[Source: MONDAQ] In a landmark ruling with implications for the future of Proposition 65 enforcement, the US District Court for the Eastern District of California has preliminarily enjoined any person from filing or prosecuting lawsuits seeking cancer warnings for acrylamide on food and beverage products sold in California.
The ruling stops hundreds of enforcement actions in their tracks, bodes well for the ultimate end of Proposition 65 acrylamide lawsuits, and has implications for other listed chemicals.
The California Office of Environmental Health Hazard Assessment (OEHHA) added acrylamide to the Proposition 65 list of carcinogens in 1990, but acrylamide was not detected in foods until 2002. Acrylamide is not intentionally added to food products but is formed naturally when some foods are cooked or otherwise processed with heat. Common sources of acrylamide in the human diet include breakfast cereals, coffee, crackers, whole grains breads, roasted asparagus, roasted nuts, and prune juice.
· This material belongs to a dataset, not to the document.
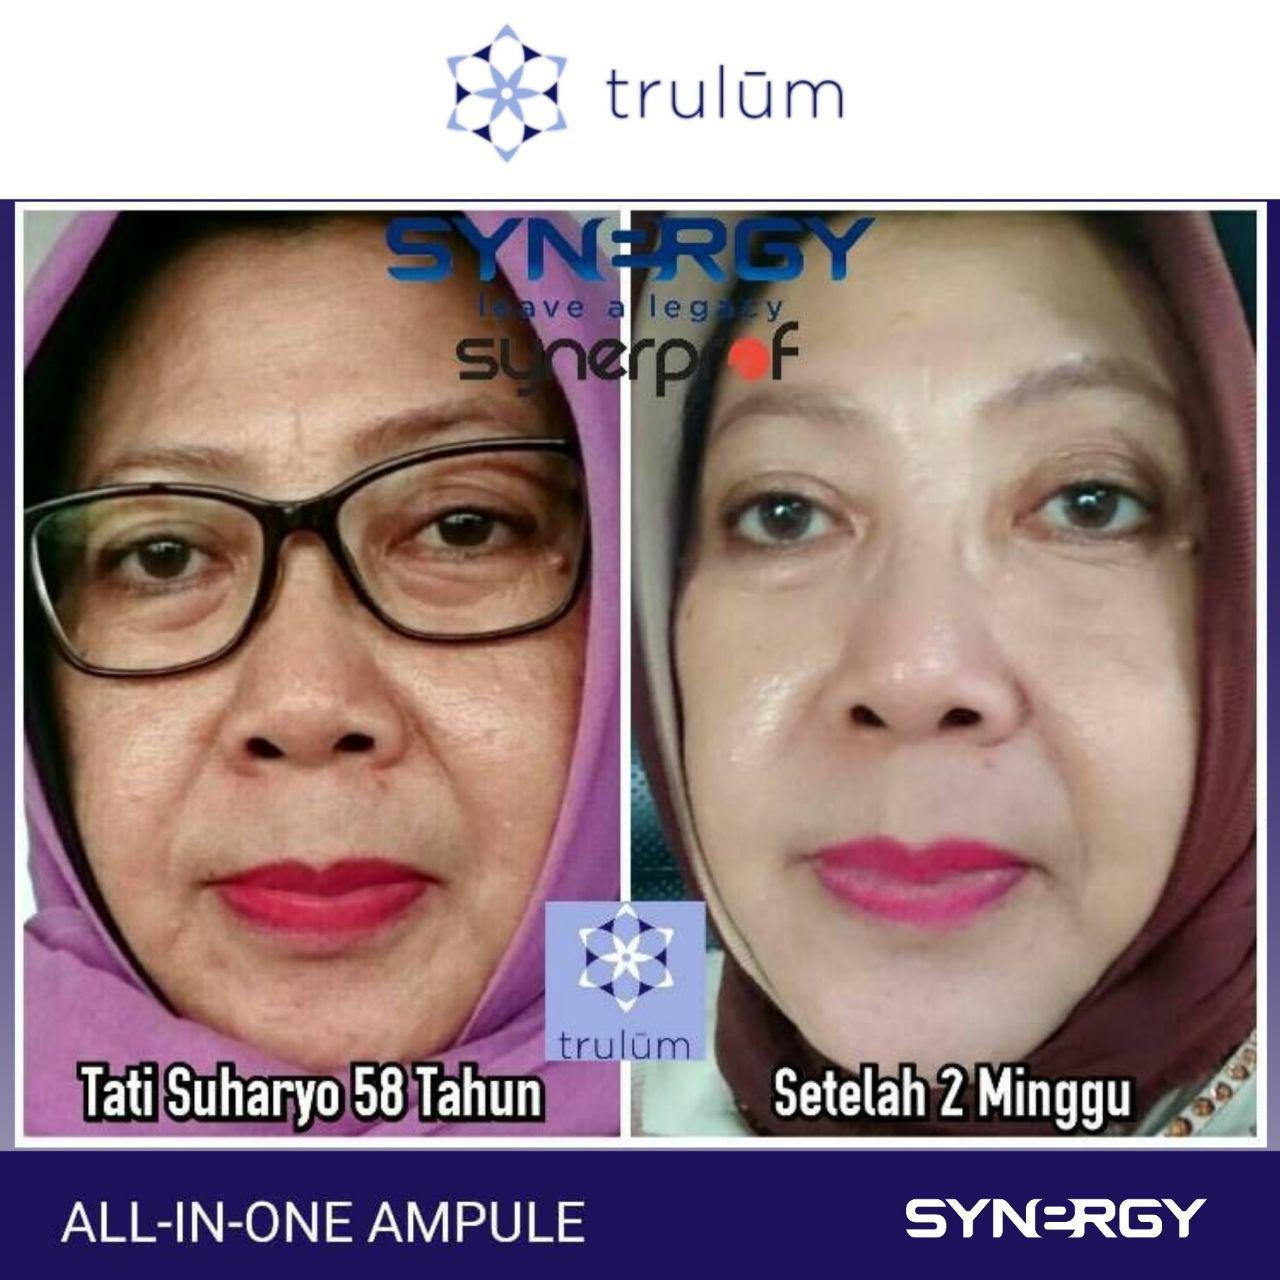 Tempat FacialArtis di Temanggung WA: 08112338376

The near-ubiquitous nature of the chemical in everyday food and beverage products has made it a prime target for Proposition 65 enforcement. Since 2002, private enforcers have served more than one thousand pre-litigation notices of violation concerning acrylamide in food and beverage products, reaping millions of dollars in settlements.
In October 2019, the California Chamber of Commerce (CalChamber) filed a lawsuit against the California Attorney General in federal district court challenging the Proposition 65 warning requirement for cancer as applied to acrylamide in food and beverage products. CalChamber alleges that these compelled warnings are not “purely factual and uncontroversial” and thus violate the First Amendment prohibition against compelled commercial speech.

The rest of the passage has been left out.